Today, the AR smart glasses landscape is more mature. Hardware manufactures have acquired a better understanding of customers’ business needs and are able to steadily overcome challenges that limited massive adoption earlier on. Manufacturers have been gradually reducing prices, or at least improving the technical capabilities at similar prices, in order to compete not only against other smart glasses players, but also against increasingly capable AR-enabled smartphones/tablets; higher accuracy, better immersion, and hands-free capabilities are go-to value adds in the smart glasses field.

What Determines the Likelihood of Success for an AR Device?

RECOMMENDATIONS


There is no doubt that the absence of DAQRI, Meta, and ODG from the market will provide new sales opportunities to other manufacturers.

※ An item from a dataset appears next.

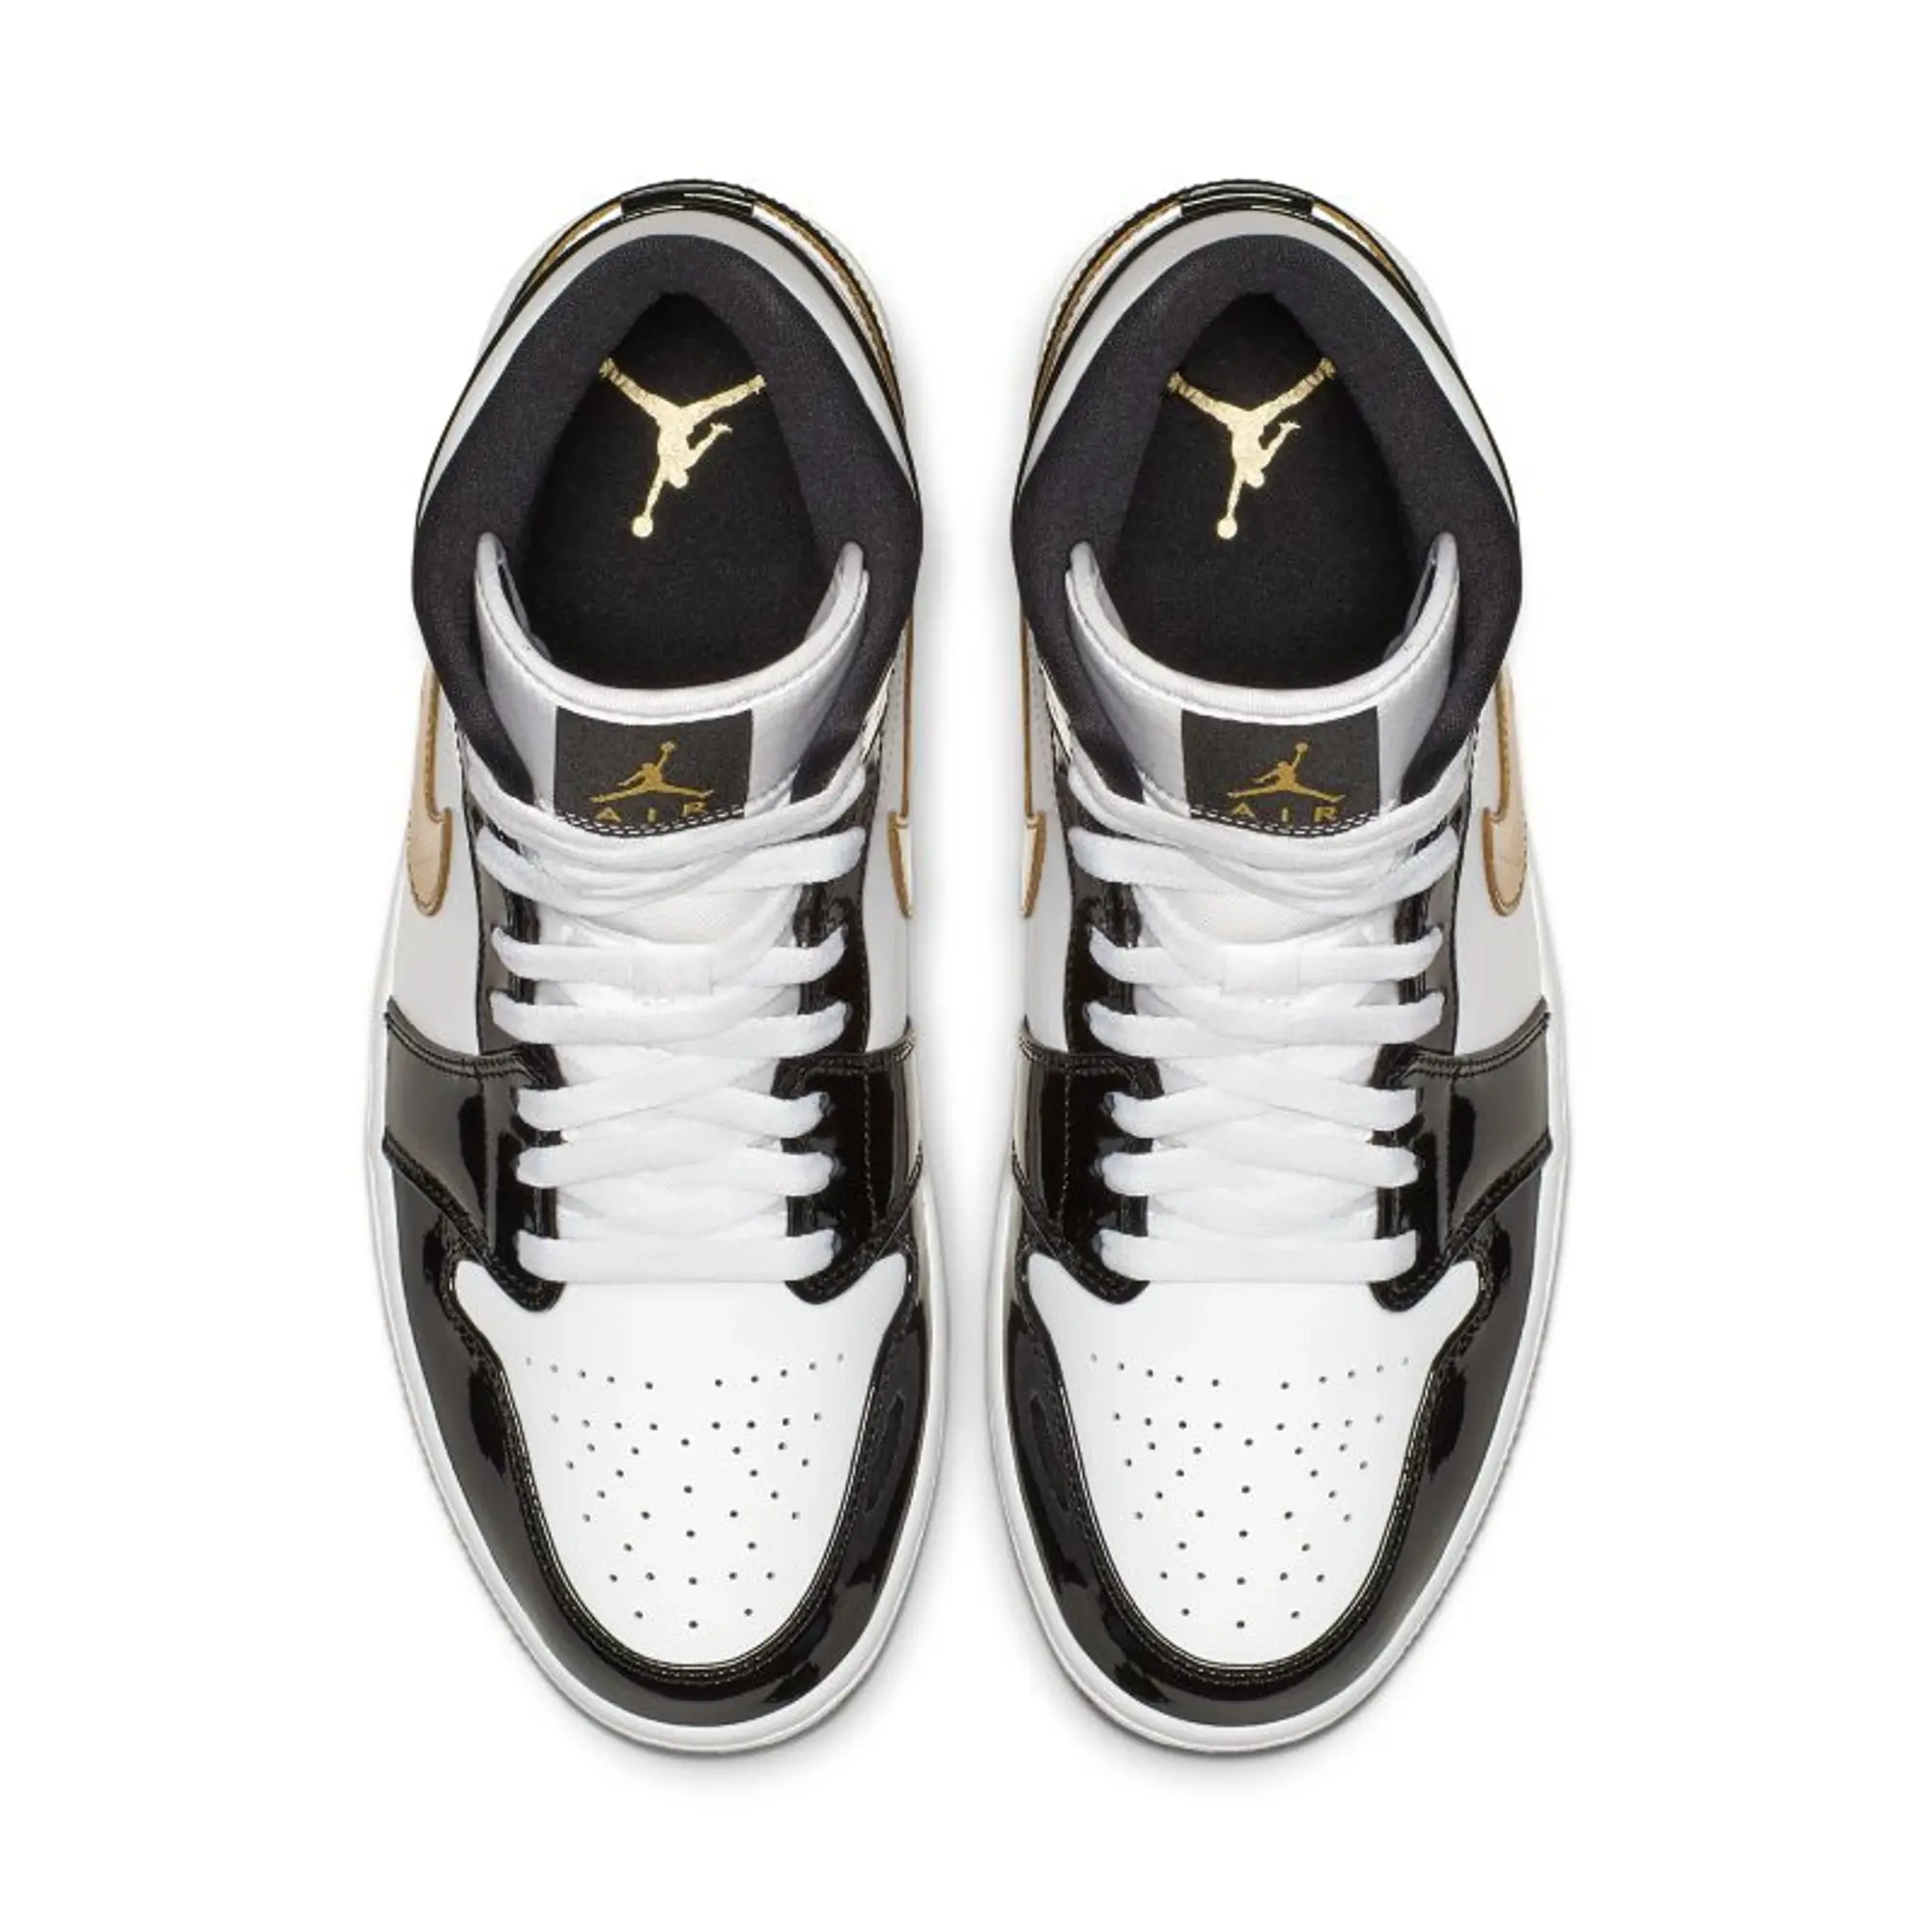 Nike Air Jordan 1 Mid Patent Black White Gold

These opportunities do not necessarily arise from the absence of these players, however, but are generated from the more competitive and valuable products that providers offer. A technically capable AR device cannot succeed by itself; it requires a combination of features such as affordable price, flexibility in application development, and integration with existing systems and other devices. Cellular compatibility, especially with 5G, is steadily becoming a more important criteria as well, providing long-term value flexibility in use case. In addition, marketing and communication and Go-to-Market (GTM) strategies play a catalytic role in the success of an AR device; customers need case studies, Proof of Concepts (PoCs), and Return on Investment (ROI) confirmation. Moreover, in order to achieve massive adoption, manufacturers should be approachable to Small and Medium-sized Enterprises (SMEs) instead of focusing their case studies mainly on multinational organizations.

Having a solid understanding of what is actually required from a device, and how that differs depending on customer, vertical, market, and use case, is imperative. Less technically capable devices, like those from RealWear, can still be market leaders thanks to a succinct target audience and well-understood value proposition. At the same time, high-end devices like Microsoft’s HoloLens are more universally applicable, but are also more difficult to market, implement, and, ultimately, use. 

The AR market is quickly moving into next generation devices and investments. AR smart glasses continue to hit the market and, while some incumbents have fallen, this can be seen as a sign of market maturity with more competitive and promising devices. Finally, the efforts from some of these fallen entities aren't entirely lost. Patents, research, and general knowledge can remain in the market depending on the outcome.